Claudel’s voice was tight with anger. “Who knew we were meeting you here? Your wife? Was she with you when I called at noon?”
“No. I—”
Vroom turned on his heel, walked back to his desk. “I don’t believe this. It can’t be. It can’t!” He crashed his fist down on the heavy mahogany top, sending a large glass ashtray splintering on the wooden floor. “All right, all right. I took Claudel’s call at my office. I went home to see Annabel for lunch, explained I couldn’t drive her to the airport this afternoon. A meeting, I said. Important. In Amsterdam. Four o’clock. Just couldn’t drive her to the plane, she’d have to take a taxi or stay at home. She—she had her driving licence suspended a month ago—a silly accident—not her fault really.” He was picking up the fragments of ashtray, dropping them one by one into a waste-basket.
“You named us?” Renwick’s eyes were watching the window across the canal. The two men—or was it just one man?— weren’t visible now. But the window was still open wide.
“Not that way. No. Indirectly. Annabel asked if I couldn’t postpone the meeting until later this evening. I said, “Impossible—Renwick is already on his way, flying in from London.” And then, as I was about to leave after lunch, there was a phone call for Annabel. She took it in the library.
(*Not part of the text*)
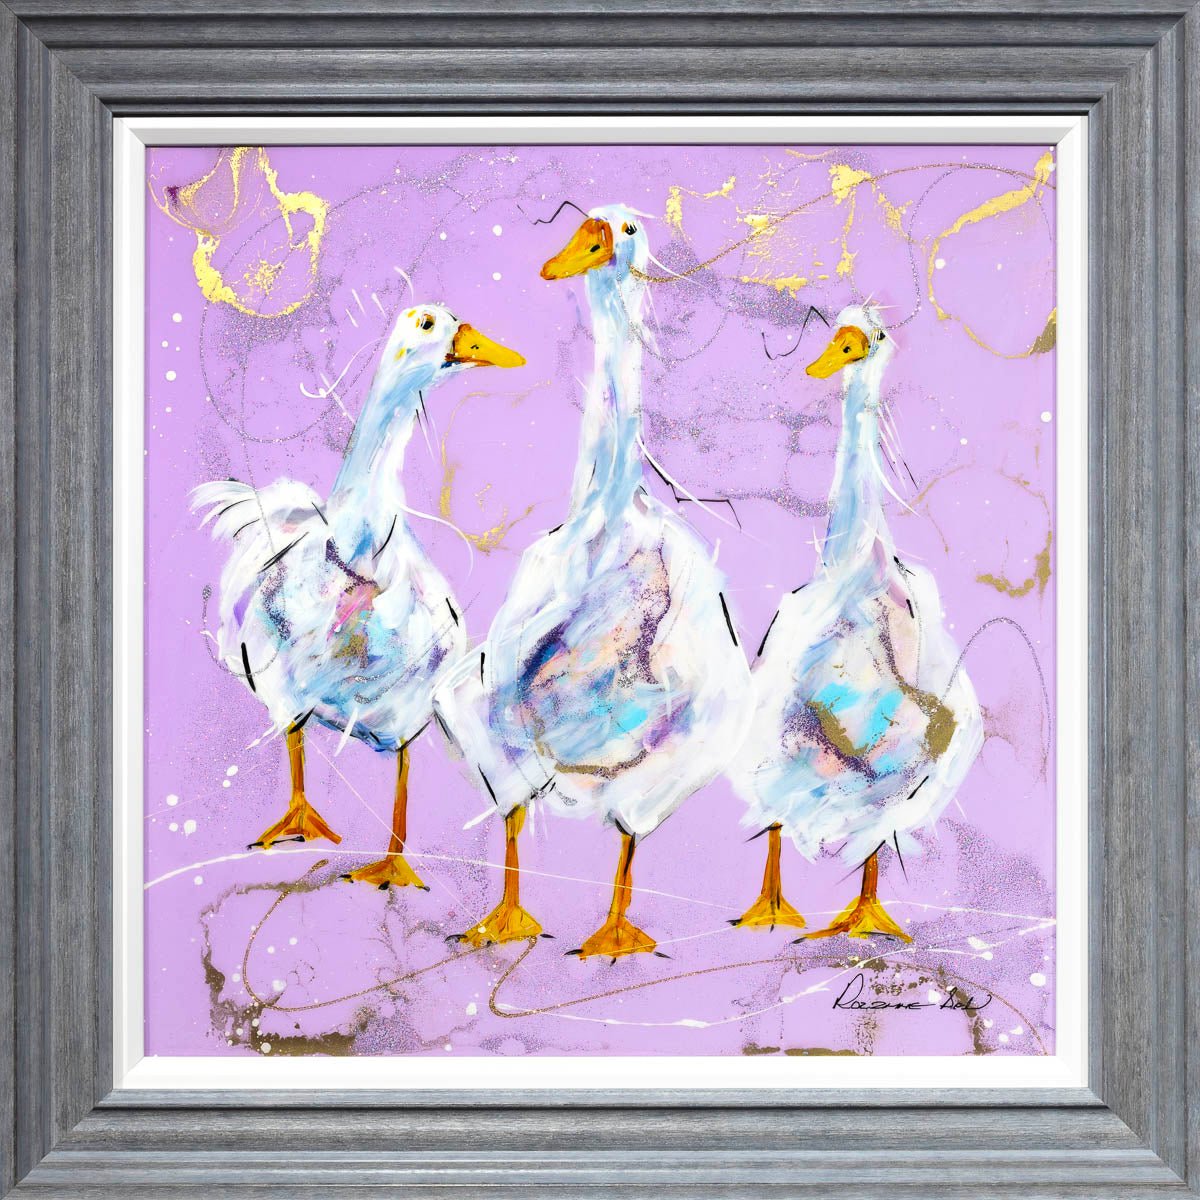 Waddle Along Now - Original Rozanne Bell Original

I heard her say, “Klaus?” Then she started explaining she might be late in arriving.” Vroom straightened his back, threw the cigar stubs and some burned-out matches on top of the broken pieces of glass, looked with distaste at the white ashes left on the floor. “I didn’t listen. It was talk about the week-end at Chamonix, I supposed. Well”—he looked at Renwick, who had turned to face him—“I was wrong. I’ll resign from Interintell of course.”
“What makes you think Klaus asks questions only about Interintell? Your own department in The Hague is of vital importance.”
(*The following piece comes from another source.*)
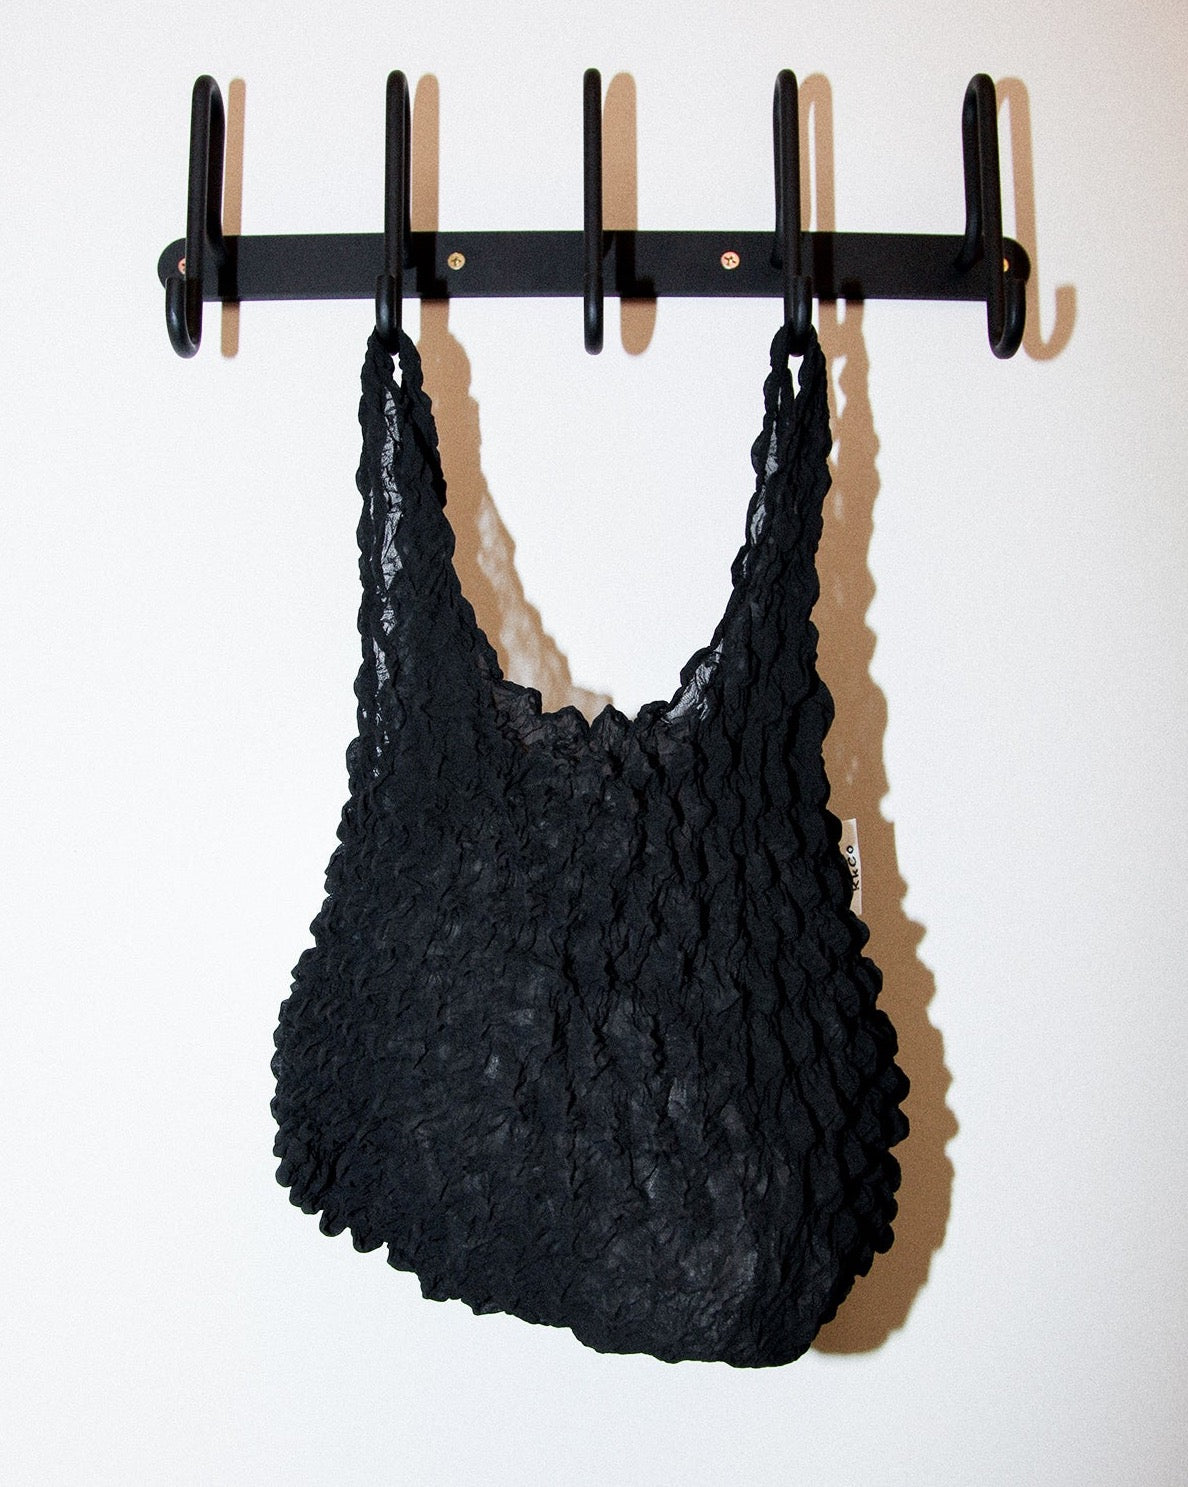 small handbag in a black popcorn pleated fabric from Kkco hanging from a wall mount coat rack

Vroom slumped, half seated on the edge of the desk.
Claudel was asking, “What’s that? At the window. A telescope? Or some kind of rifle? You’re the armaments expert, Bob.”
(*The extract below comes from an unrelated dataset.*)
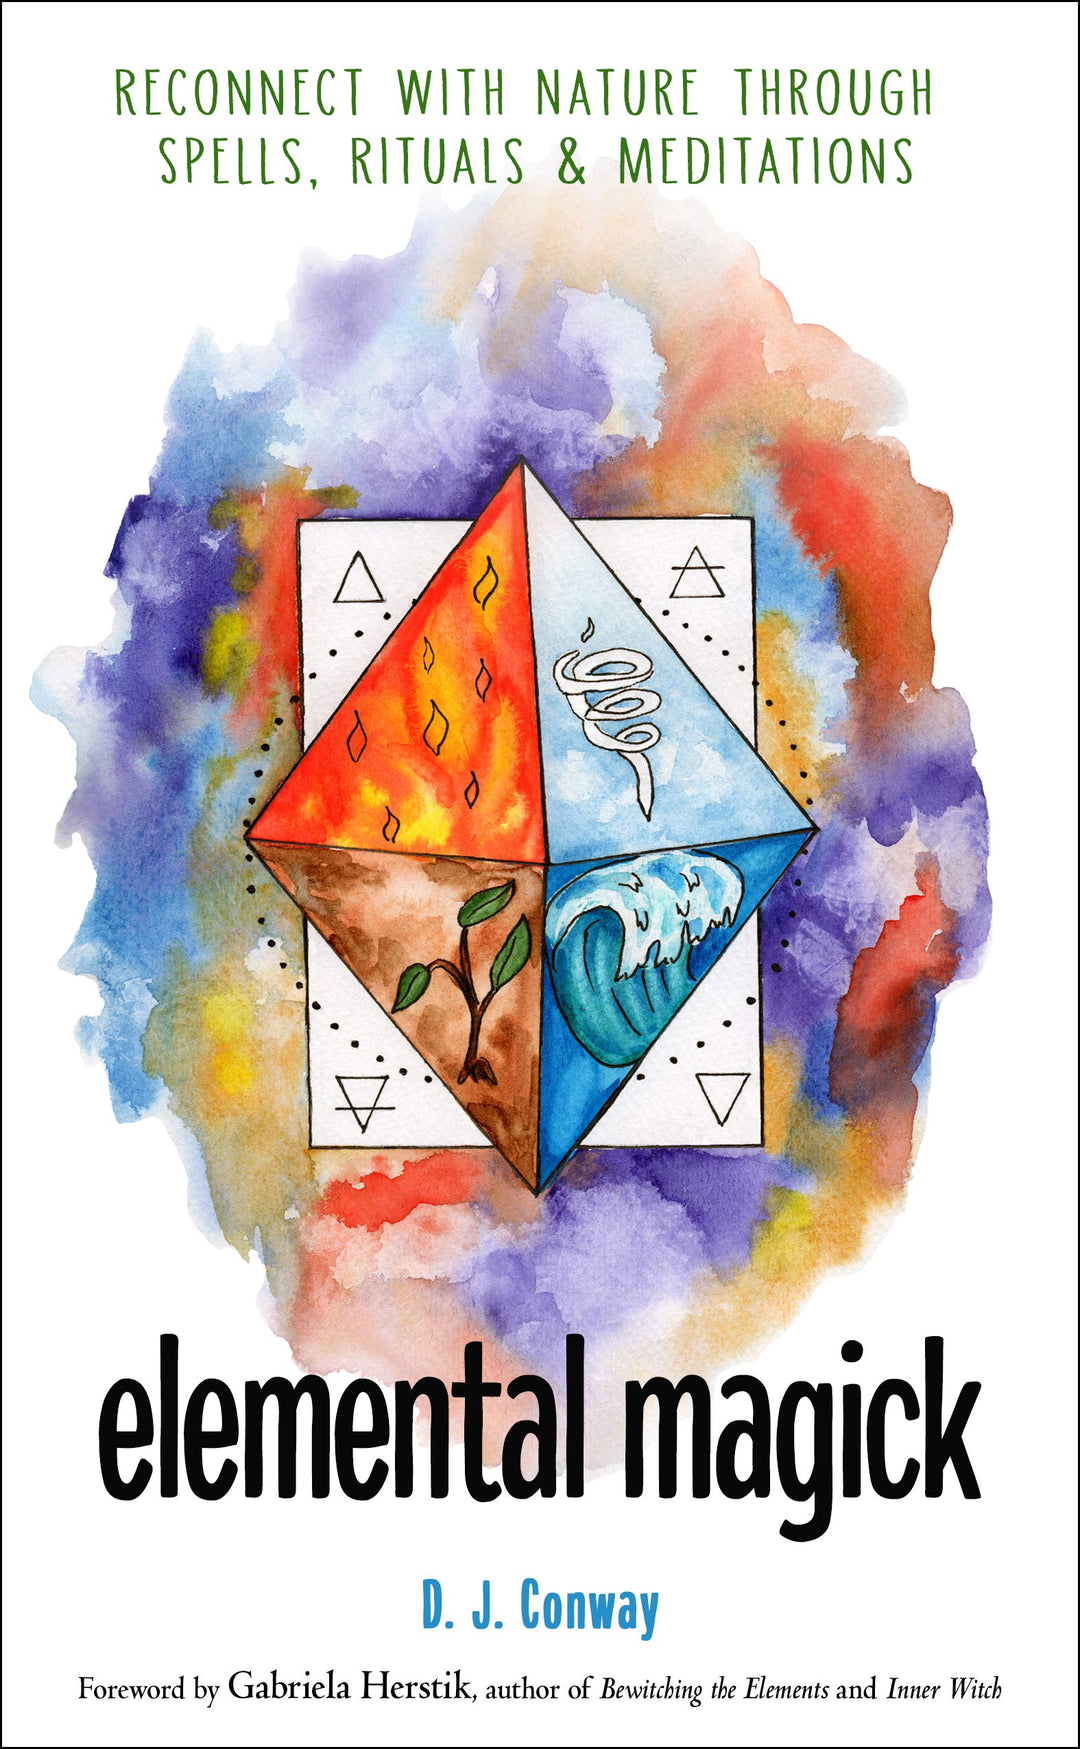 Elemental Magick by D.J. Conway

Renwick swung around to look. Too heavy for a rifle. “Even heavier than a shotgun.” And aimed right at these windows. He yelled to Vroom, “Get away from that desk! Move!” The three of them made a dive for the safest corner of the room, reached its shelter as a bullet exploded on the desk. A second followed. That was all.
“A shotgun never did that,” said Claudel, looking toward the debris of a desk. The two chairs that once had faced each other were now tilted drunkenly on broken frames, the remains of their backs torn by shrapnel.